Biotechs reinvent from the ground up to build value

As biotechs face monumental funding challenges and a stingy IPO market, young companies are investing in business models that have the potential to maximize the value of their drug candidates. In a move away from the one big-bang M&A event, several drug developers have opted for structuring themselves as multiple limited liability companies rather than a single C corporation.

A new wave of biotech companies--including Forma Therapeutics, Viamet Pharmaceuticals and Nimbus Discovery--have adopted the LLC model as a way to create focused entities based on the value of a particular target or set of assets. The hope for, say, Forma Therapeutics is to offer investors and employees multiple exit opportunities that could, in aggregate, equal a larger payday than one buyout event focused on perhaps one drug that may undervalue other candidates in the pipeline. Employees can also benefit from the tax advantages of stock option benefits from the LLC ventures.

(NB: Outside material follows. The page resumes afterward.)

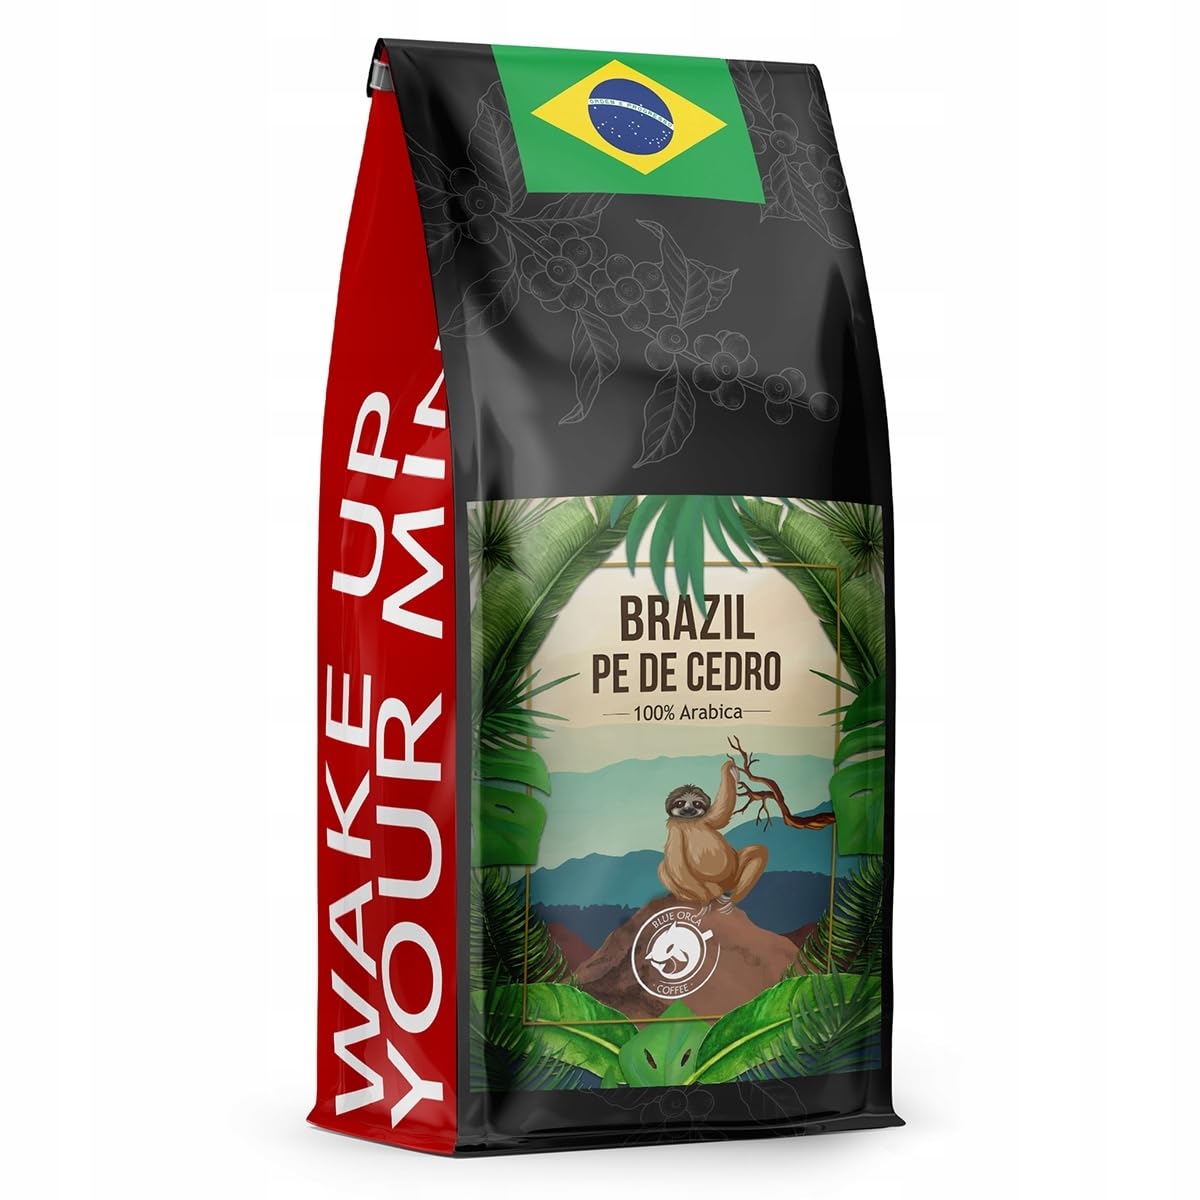 Blue Orca Coffee - BRAZIL PE DE CEDRO - Specialty Kaffeebohnen aus Brasilien - Frisch geröstet - Single Origin - SCA 85 Punkte, 1 kg

"Don't think just about making life better for your investors," Albert Sokol, an attorney who has done legal work for Forma and Viamet, told The Wall Street Journal. "It's all about optimizing it for all your constituencies."

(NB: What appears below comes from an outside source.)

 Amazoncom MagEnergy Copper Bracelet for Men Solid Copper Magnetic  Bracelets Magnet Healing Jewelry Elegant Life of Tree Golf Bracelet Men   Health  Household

Yet investors and pharma partners have been wooed by the potential value in the LLC companies as well. In cancer drug development, for example, a biotech could set out to discover drugs for a specific target or class of targets and capture the value generated from that effort on a single LLC. When the next hot area of discovery emerges, that company can launch a new company to tackle those targets as well. Forma has done this through a string of of pharma partnerships focused on different areas of oncology. More outfits are certain to try to copy this success.